When I went upstairs that evening, I found my wife putting her hair to bed – I don’t know how I can better describe an operation familiar to every married man. I waited until the last tress was coiled up, and then I spoke.

“I’ve talked with Brede,” I said, “and I didn’t have to catechize him. He seemed to feel that some sort of explanation was looked for, and he was very out-spoken. You were right about the children – that is, I must have misunderstood him. There are only two. But the Matterhorn episode was simple enough. He didn’t realize how dangerous it was until he had got so far into it that he couldn’t back out; and he didn’t tell her, because he’d left her here, you see, and under the circumstances – “

“Left her here!” cried my wife. “I’ve been sitting with her the whole afternoon, sewing, and she told me that he left her at Geneva, and came back and took her to Basle, and the baby was born there – now I’m sure, dear, because I asked her.”

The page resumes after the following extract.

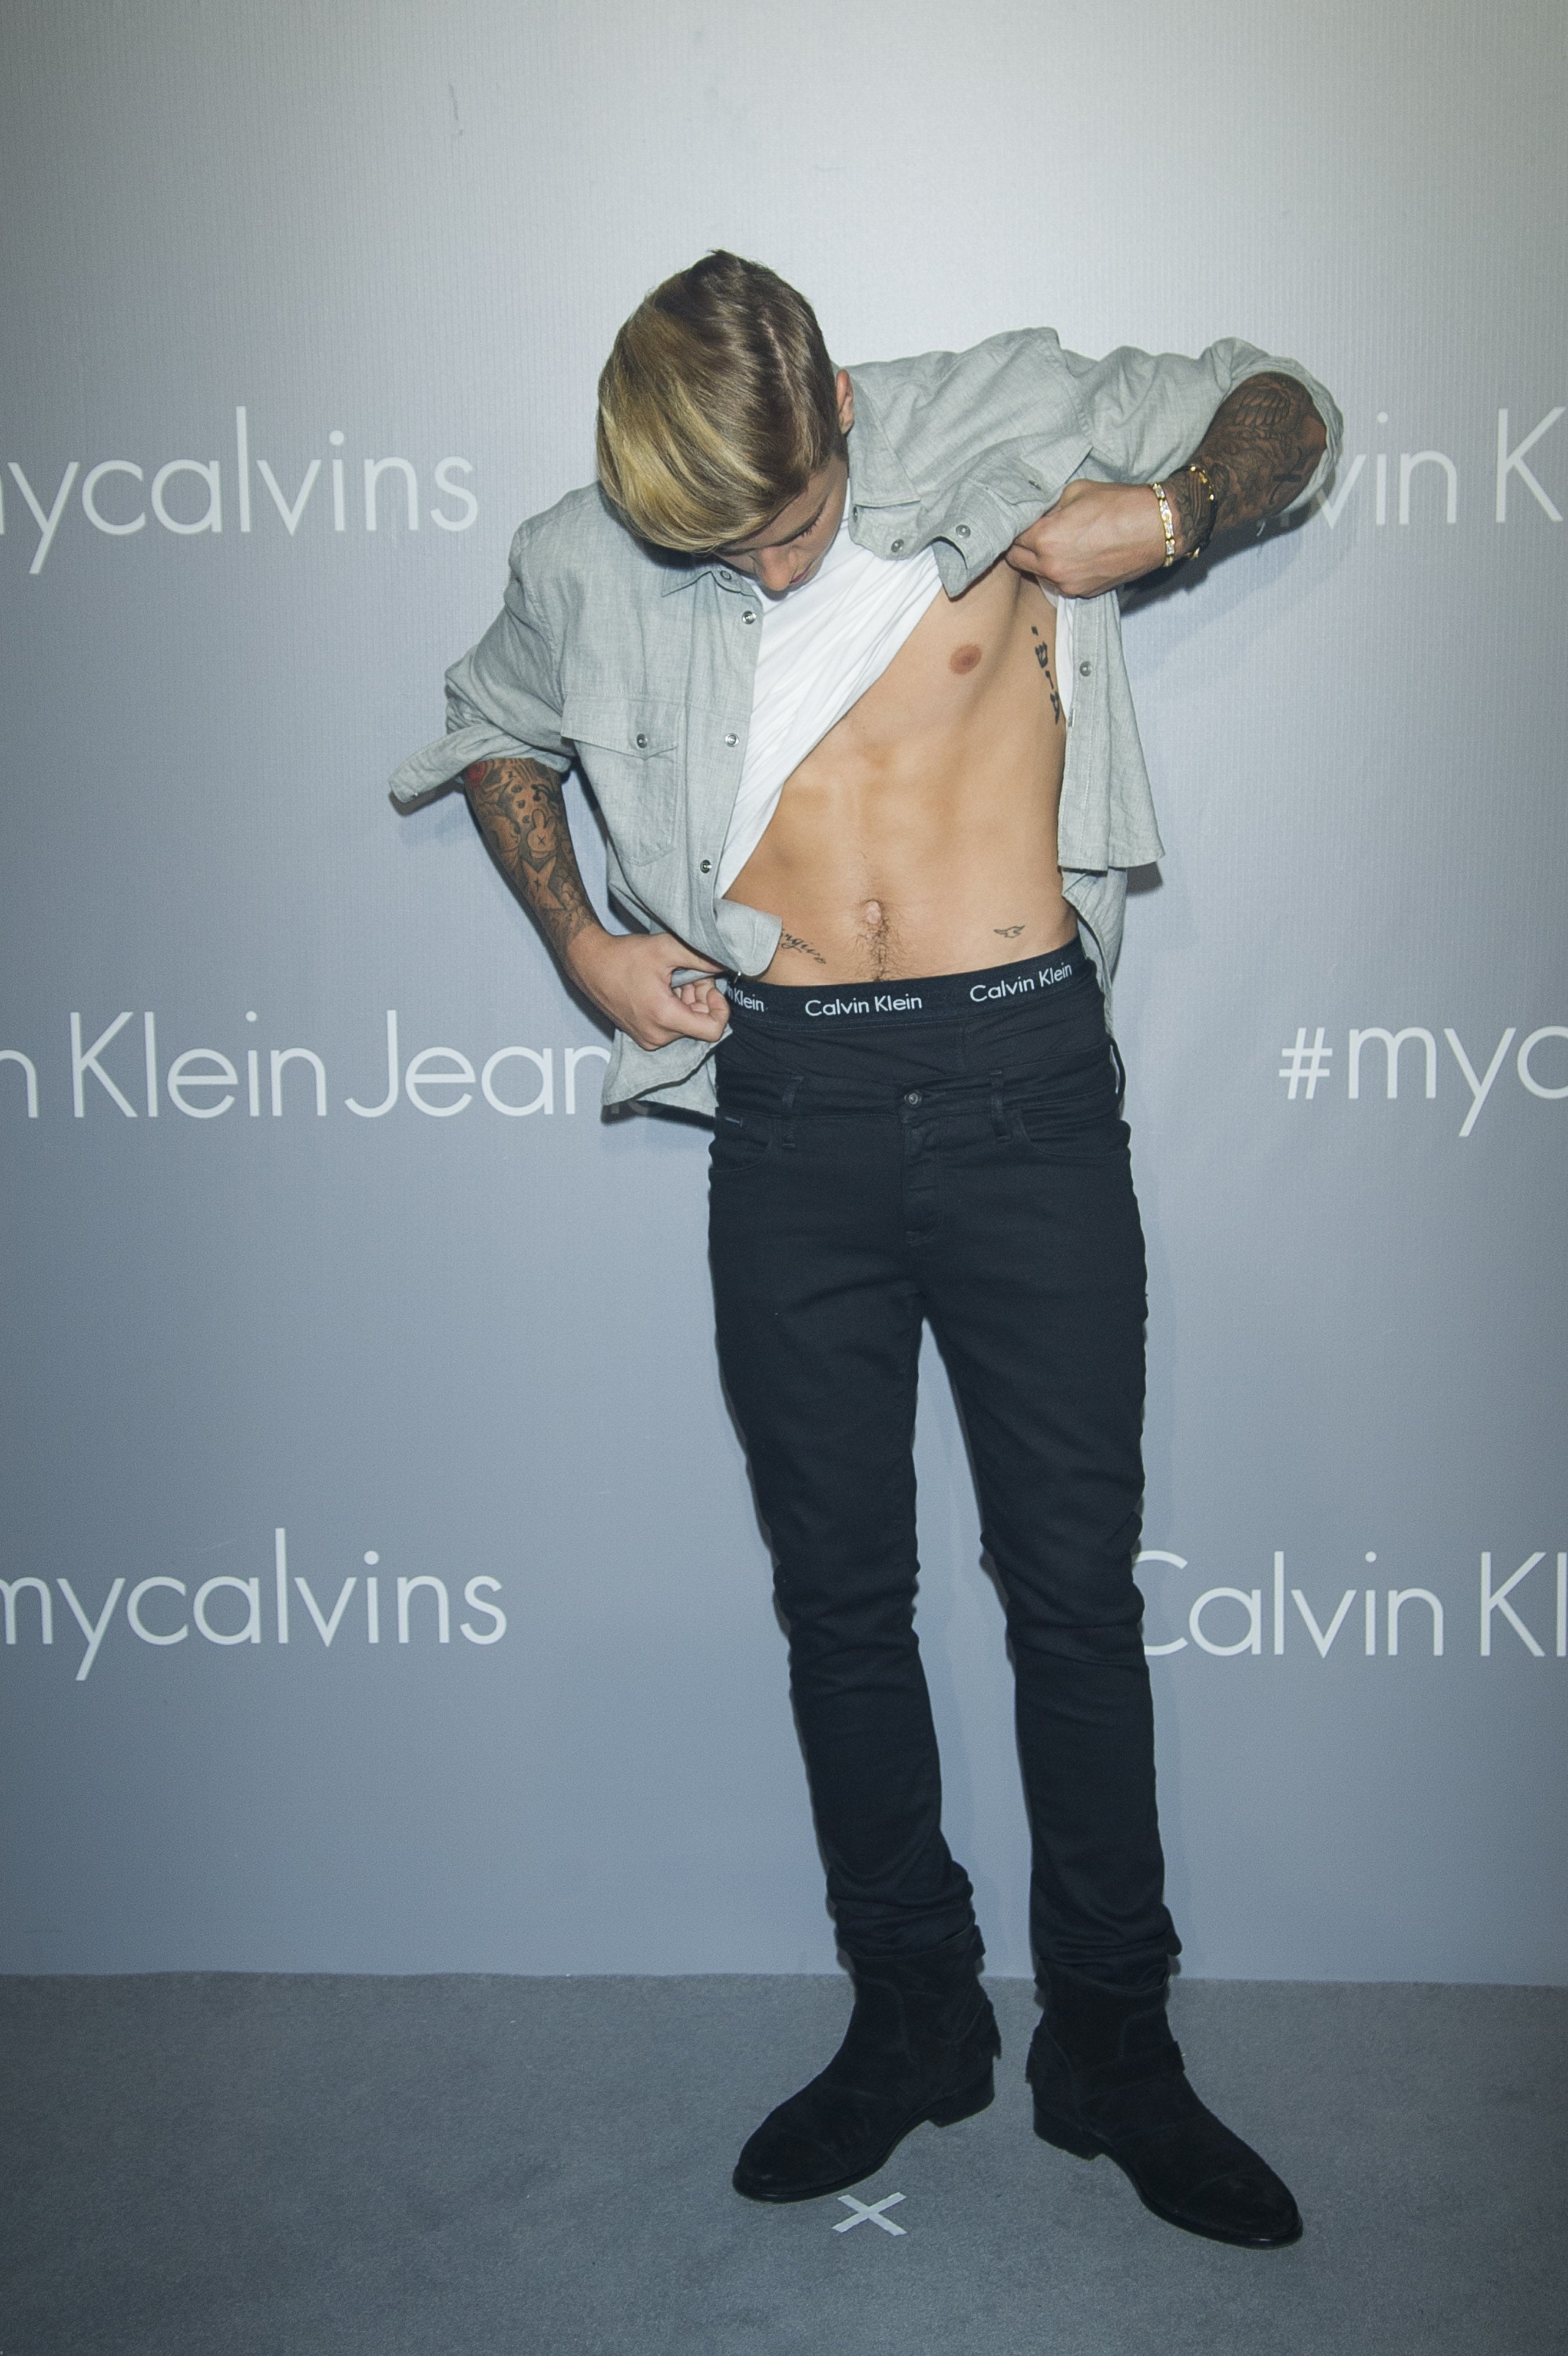 Calvin Klein underwear Archives - Inside Retail Australia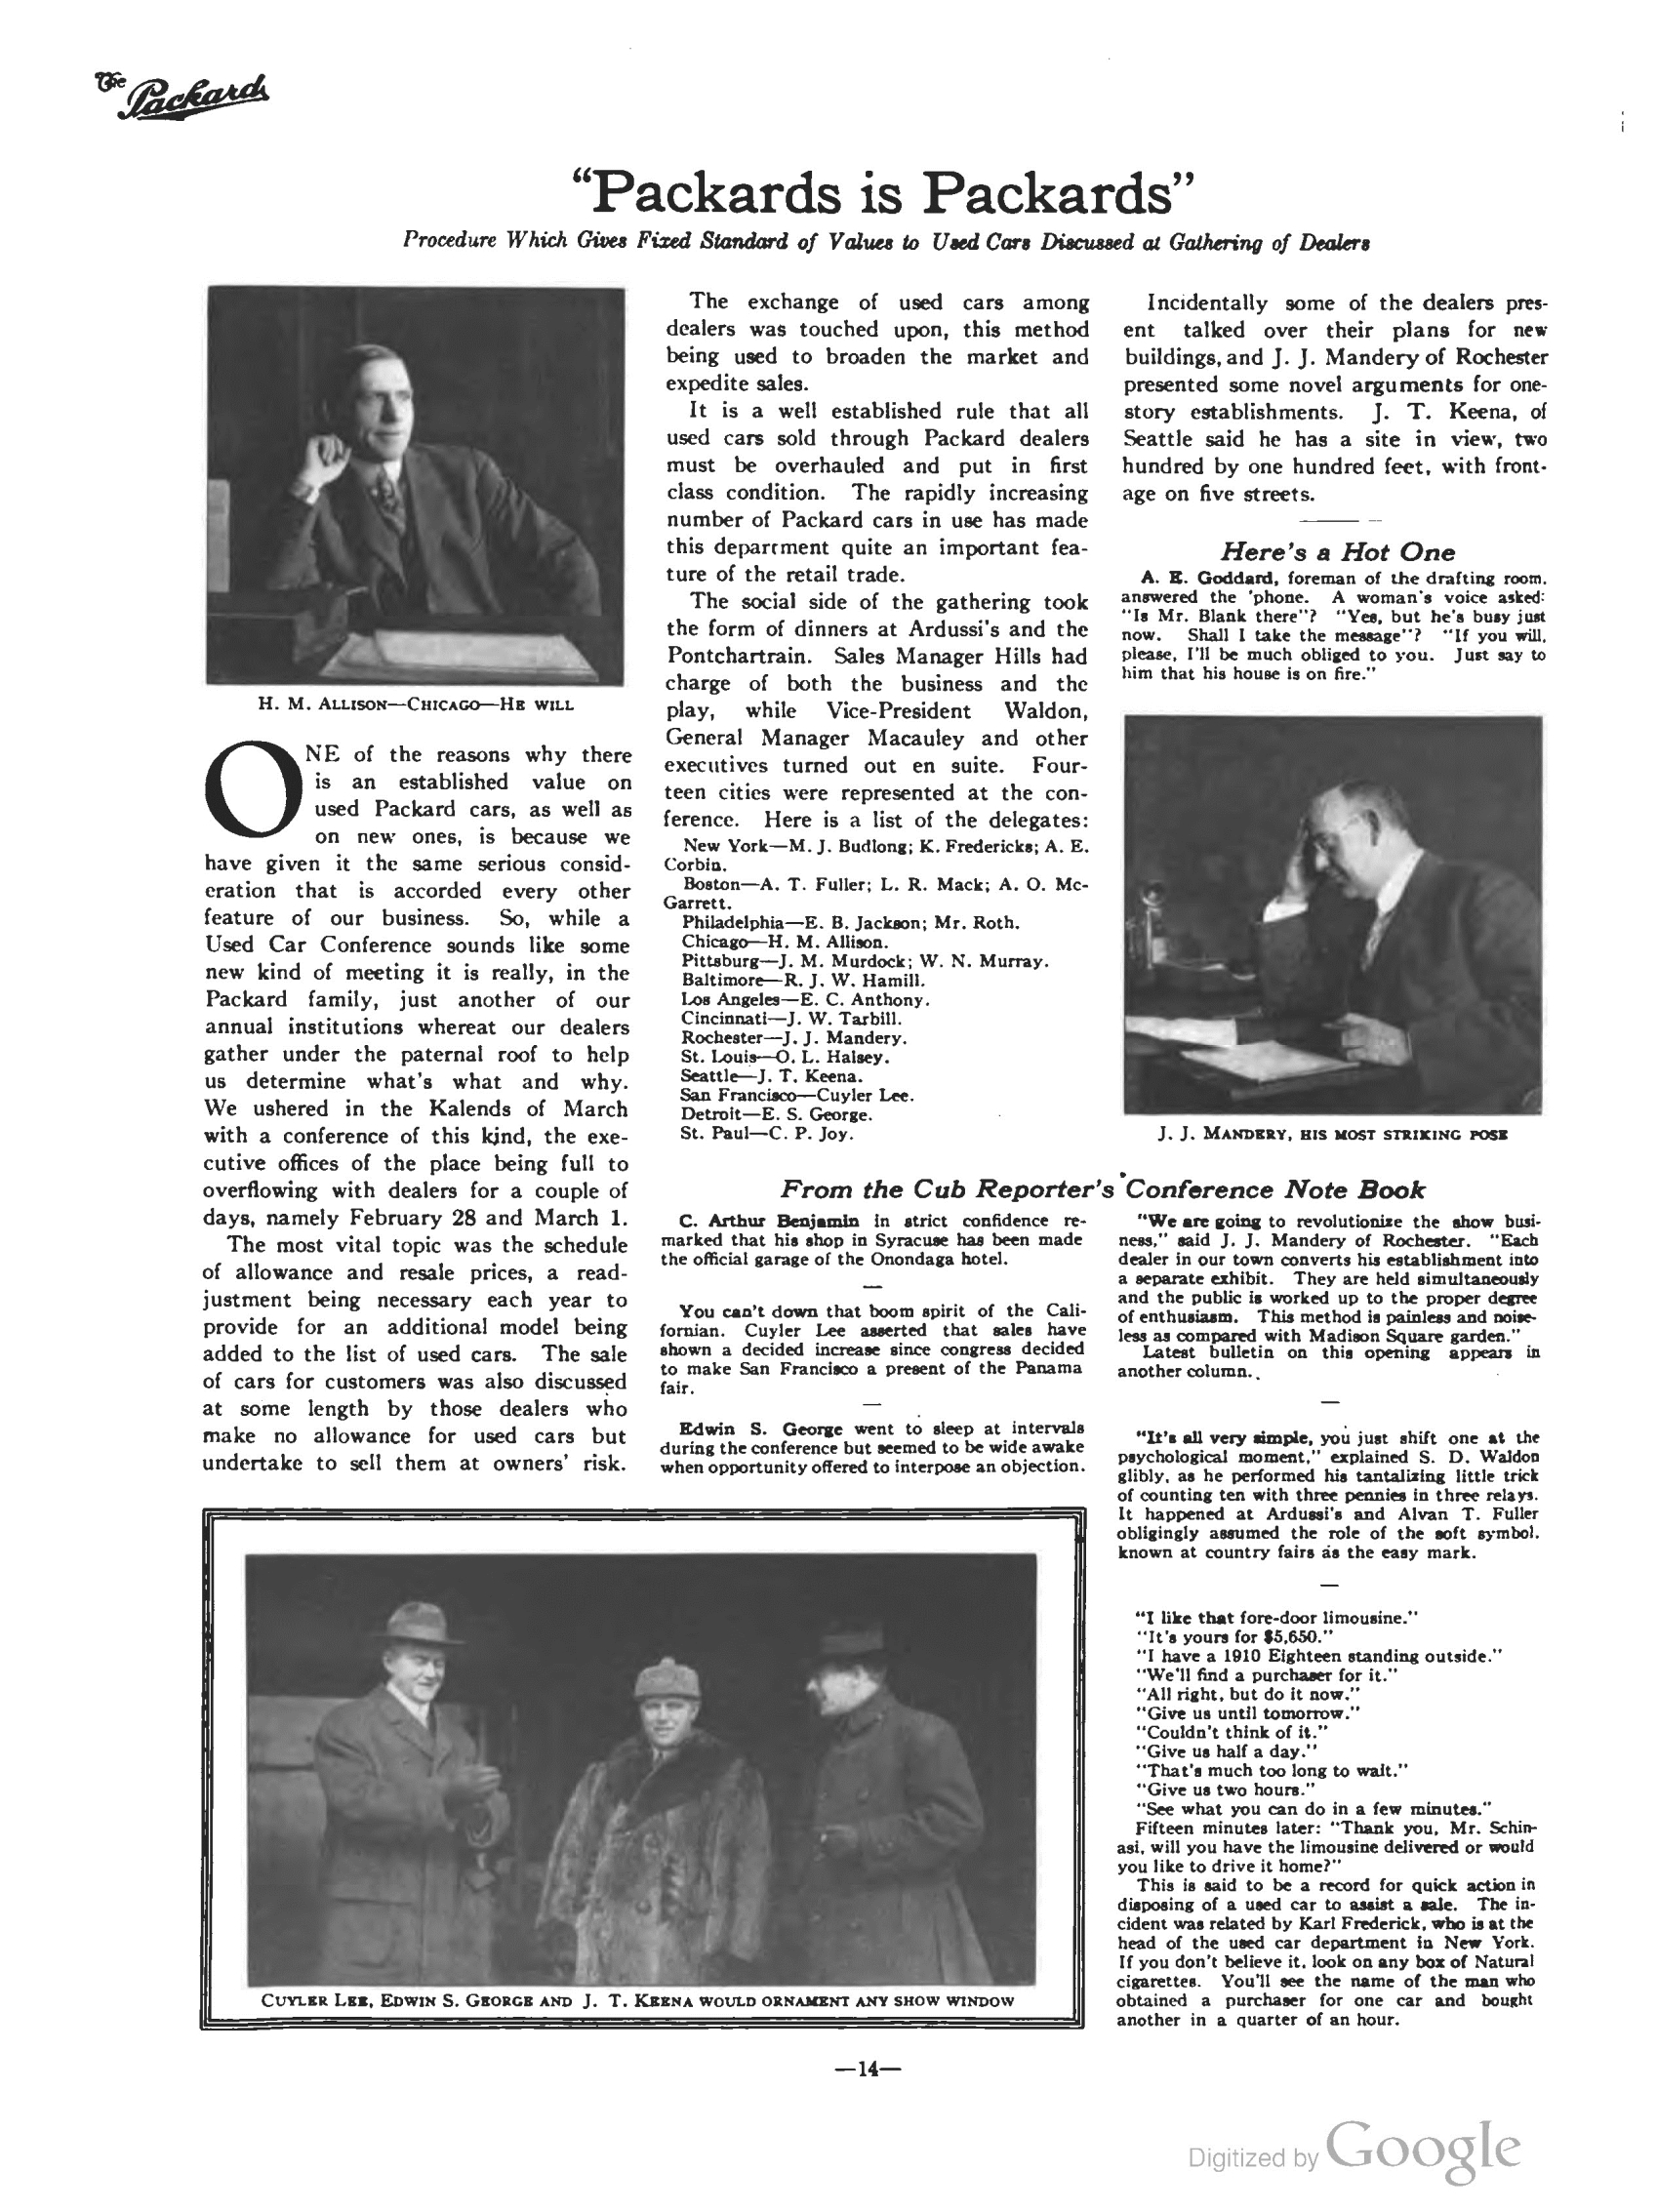 1911_The_Packard_Newsletter-056

“Perhaps I was mistaken when I thought he said she was on this side of the water,” I suggested, with bitter, biting irony.

“You poor dear, did I abuse you?” said my wife. “But, do you know, Mrs. Tabb said that she didn’t know how many lumps of sugar he took in his coffee. Now that seems queer, doesn’t it.”

It did. It was a small thing. But it looked queer. Very queer.

***

The next morning, it was clear that war was declared against the Bredes. They came down to breakfast somewhat late, and, as soon as they arrived, the Biggleses swooped up the last fragments that remained on their plates, and made a stately march out of the dining-room. Then Miss Hoogencamp arose and departed, leaving a whole fish-ball on her plate. Even as Atalanta might have dropped an apple behind her to tempt her pursuer to check his speed, so Miss Hoogencamp left that fish-ball behind her, and between her maiden self and Contamination.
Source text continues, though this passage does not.